ASSIGNMENT
Word for word, retype the lines from the one containing "Tamara Falcó e" to the one containing "Täta rätt - Produktguide" below, keeping both end lines and dropping the pictures.

DATASET
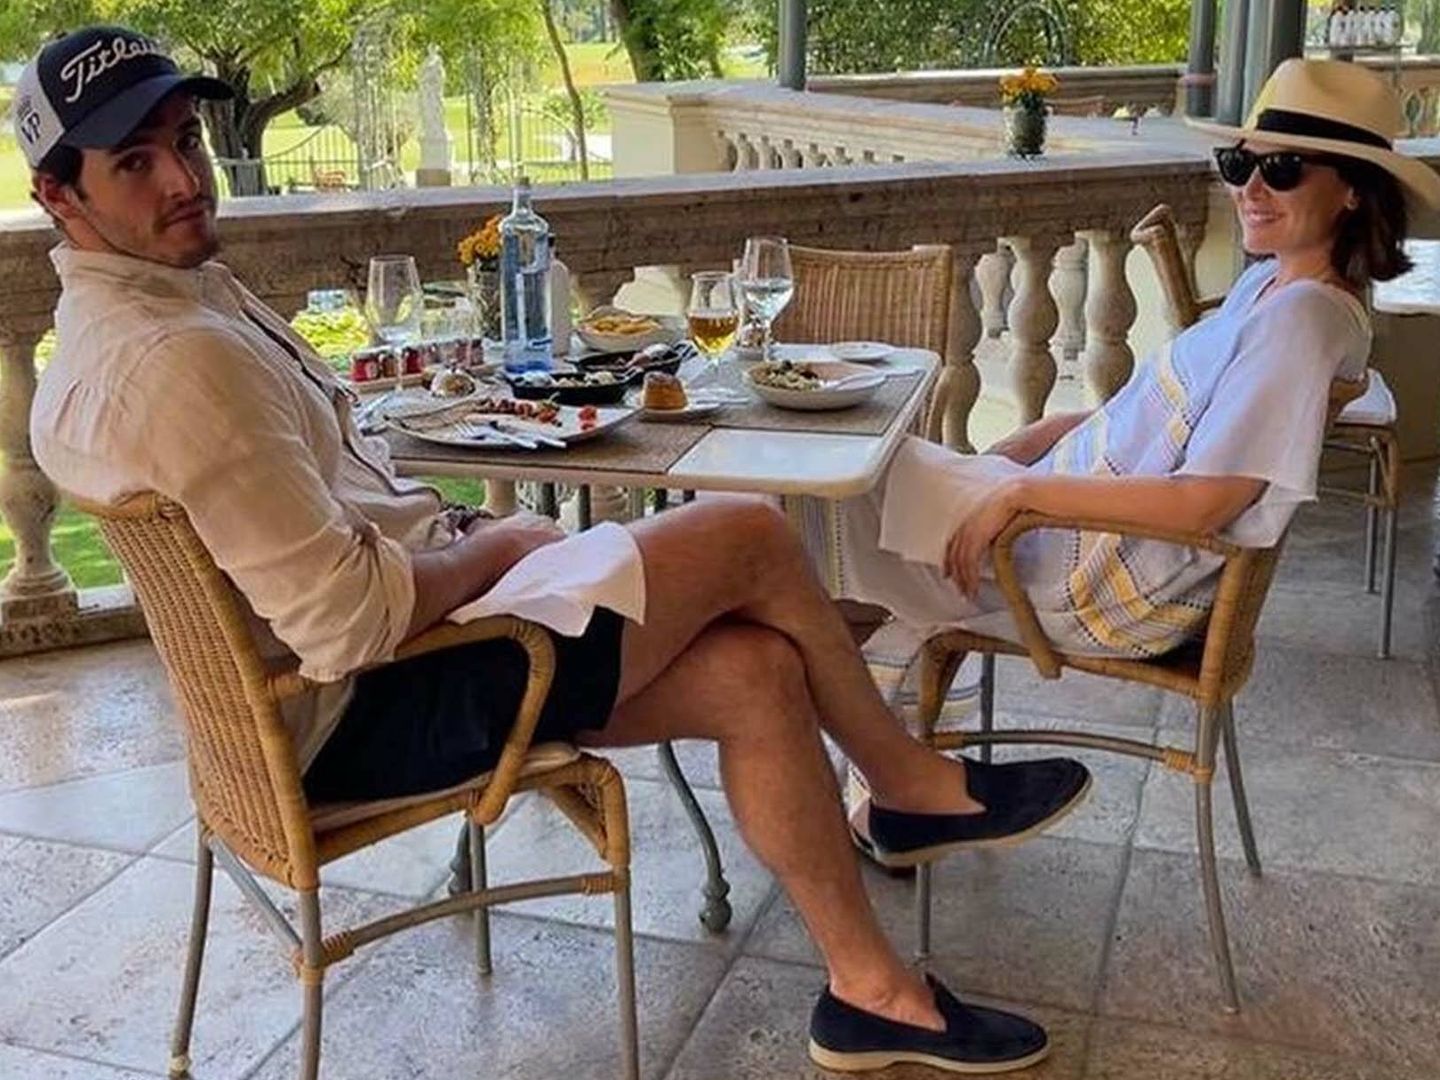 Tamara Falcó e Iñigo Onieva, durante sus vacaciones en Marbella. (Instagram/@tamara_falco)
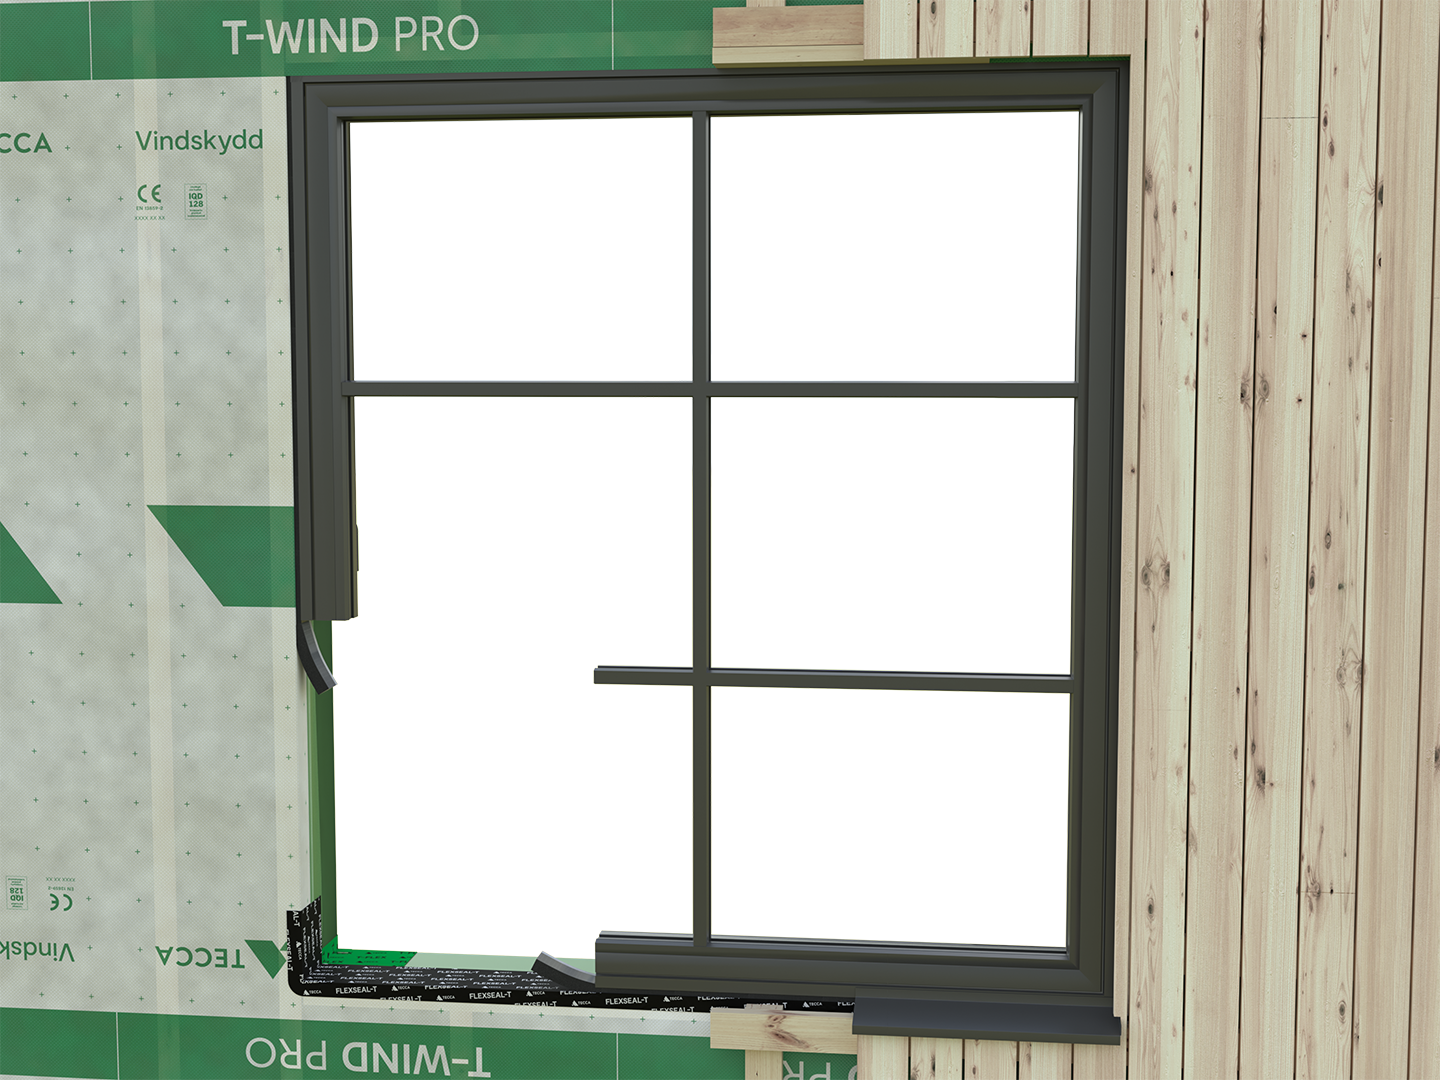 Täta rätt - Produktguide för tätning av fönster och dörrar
---
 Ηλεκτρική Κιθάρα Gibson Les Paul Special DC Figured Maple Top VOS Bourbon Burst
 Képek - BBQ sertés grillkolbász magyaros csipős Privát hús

FINISHED TASK
 Tamara Falcó e Iñigo Onieva, durante sus vacaciones en Marbella. (Instagram/@tamara_falco)
 Täta rätt - Produktguide för tätning av fönster och dörrar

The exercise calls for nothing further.